---- Given material

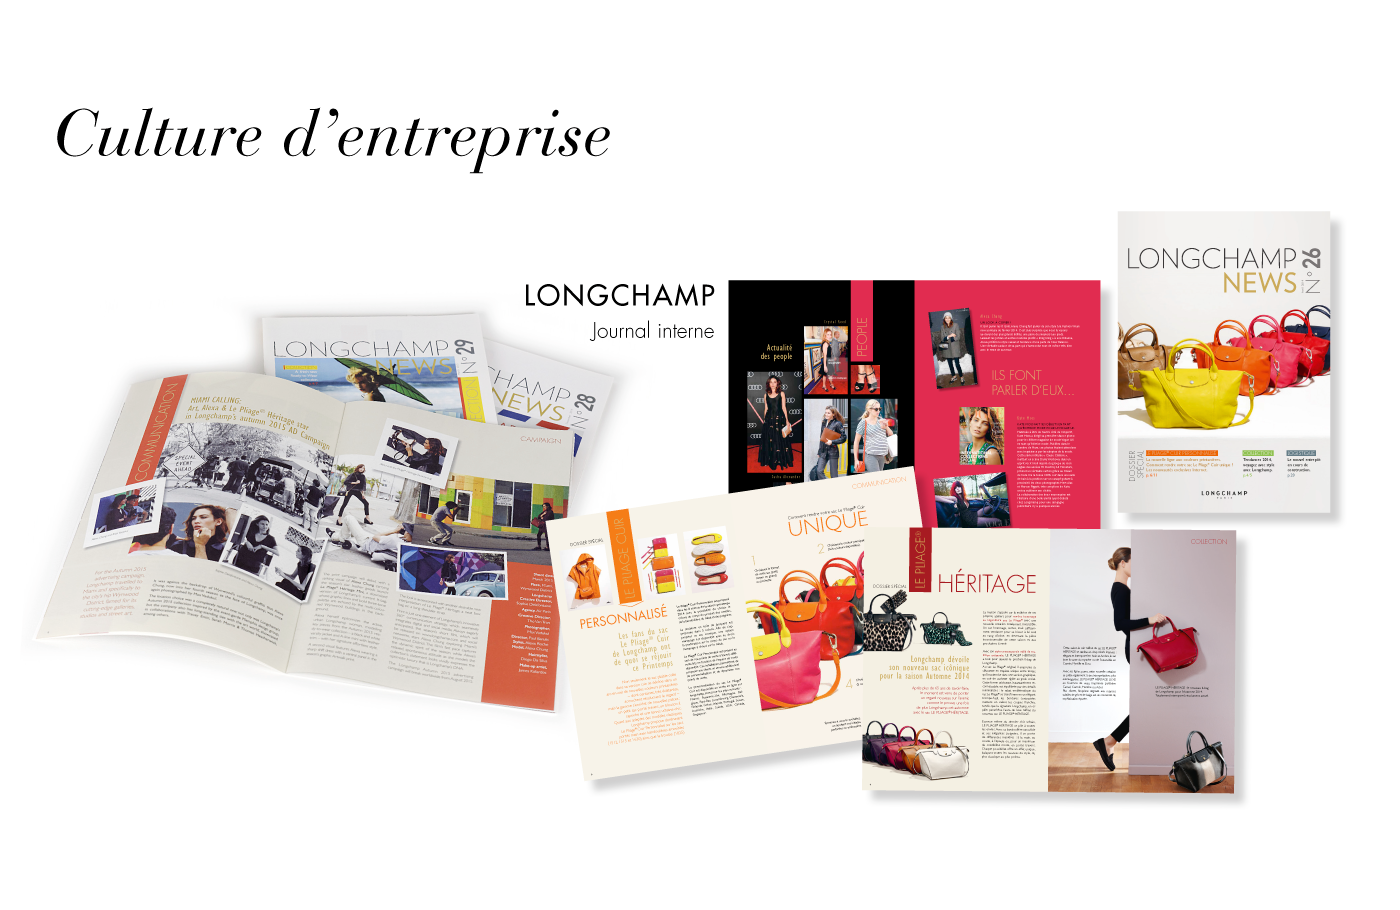 Longchamp-5
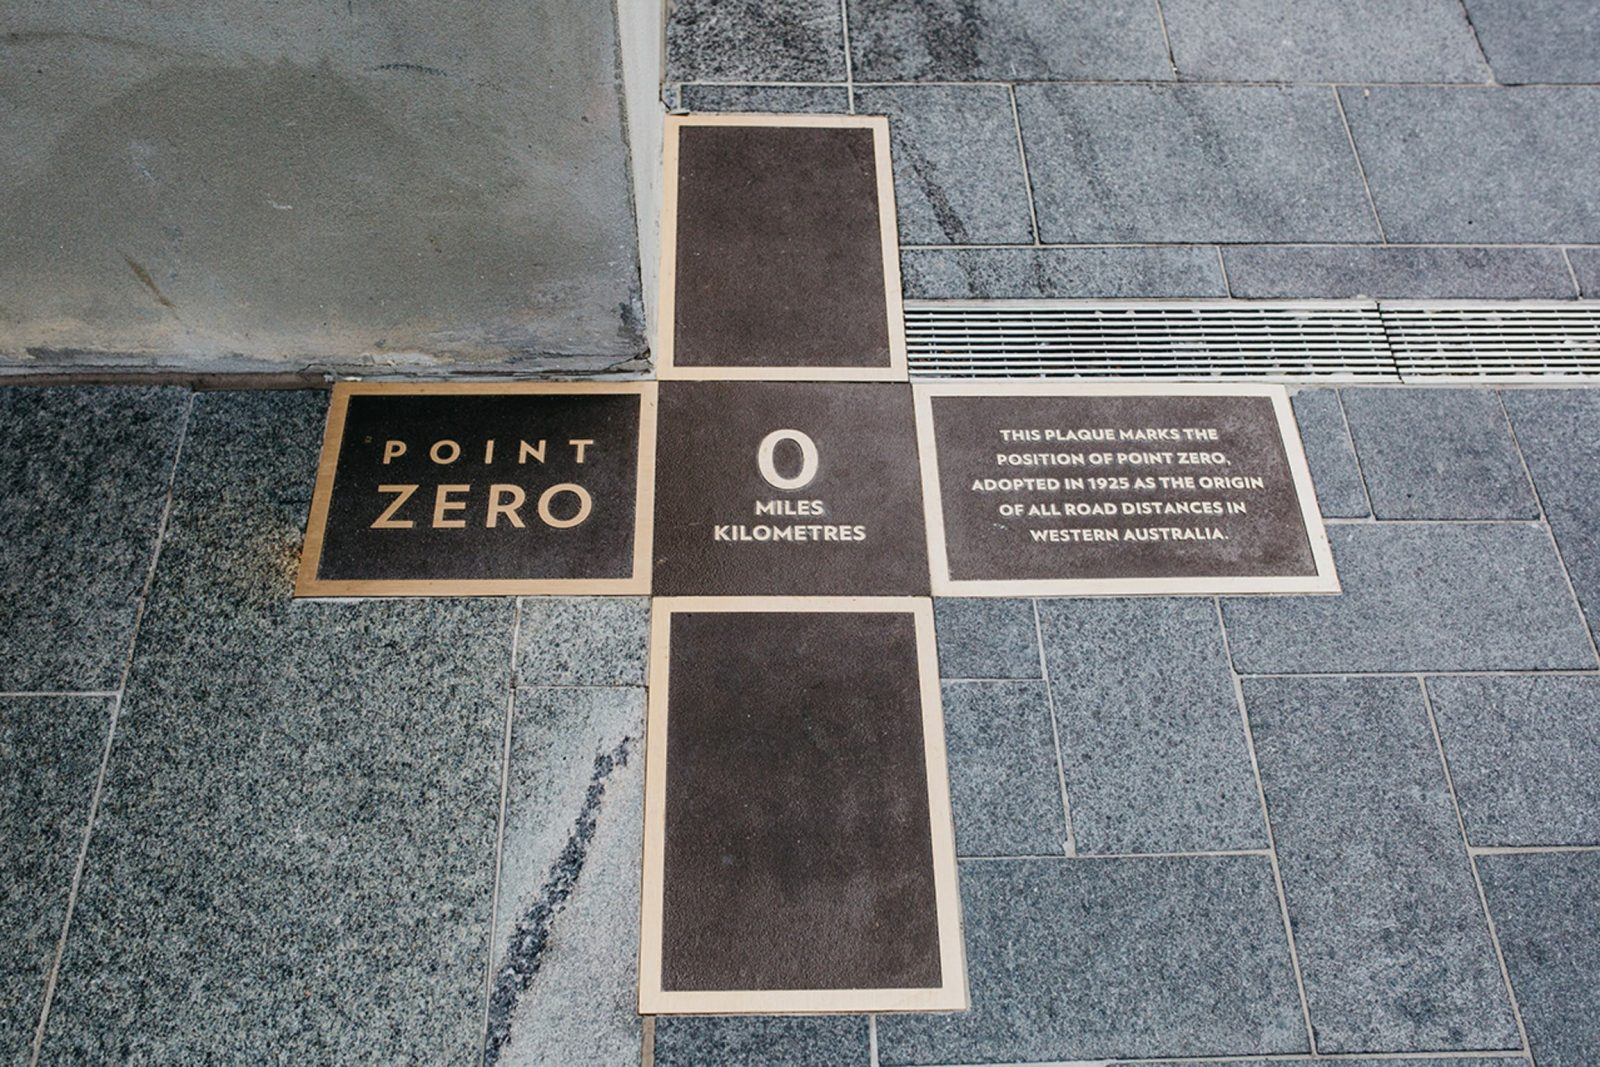 Point Zero, Perth, Western Australia
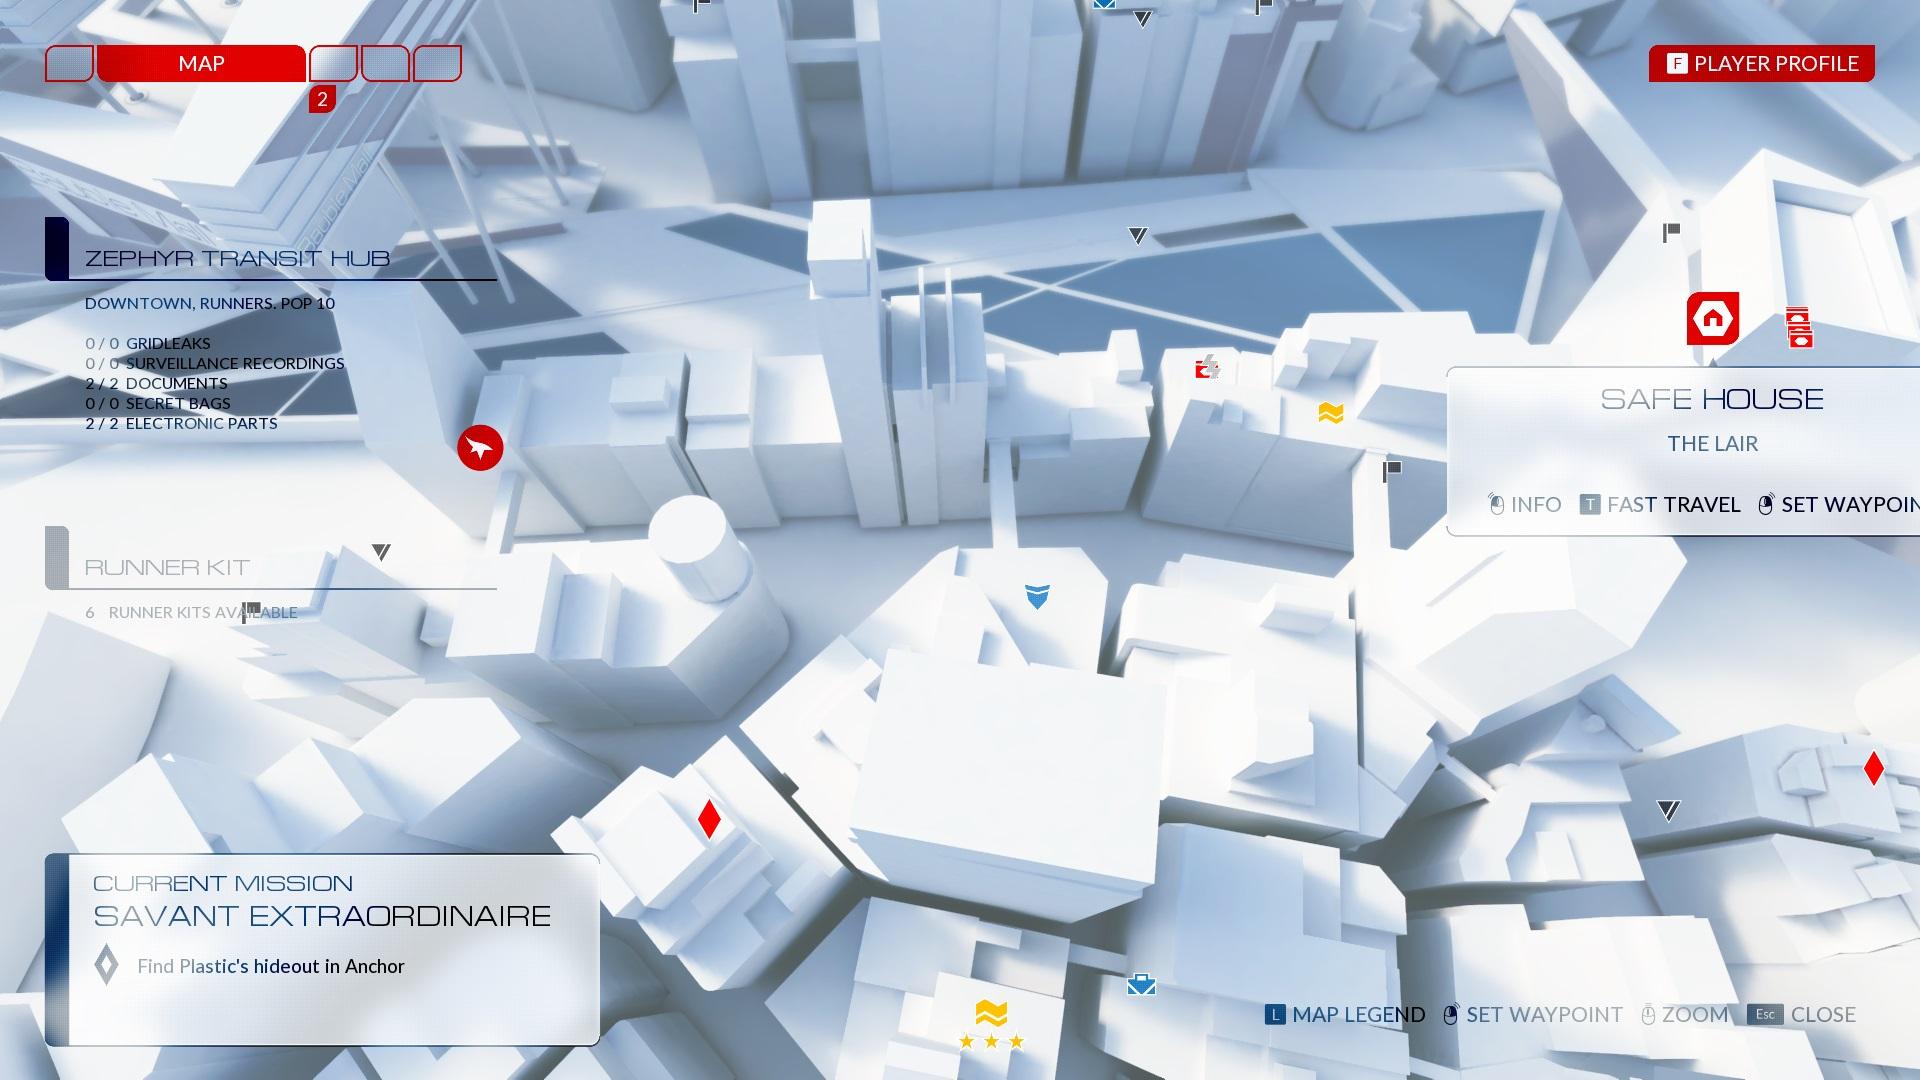 Concord Plaza collectibles guide - Polygon

--------

Your assignment: What you return must match the data above exactly, with no images included.

Task answer:
 Longchamp-5
 Point Zero, Perth, Western Australia
 Concord Plaza collectibles guide - Polygon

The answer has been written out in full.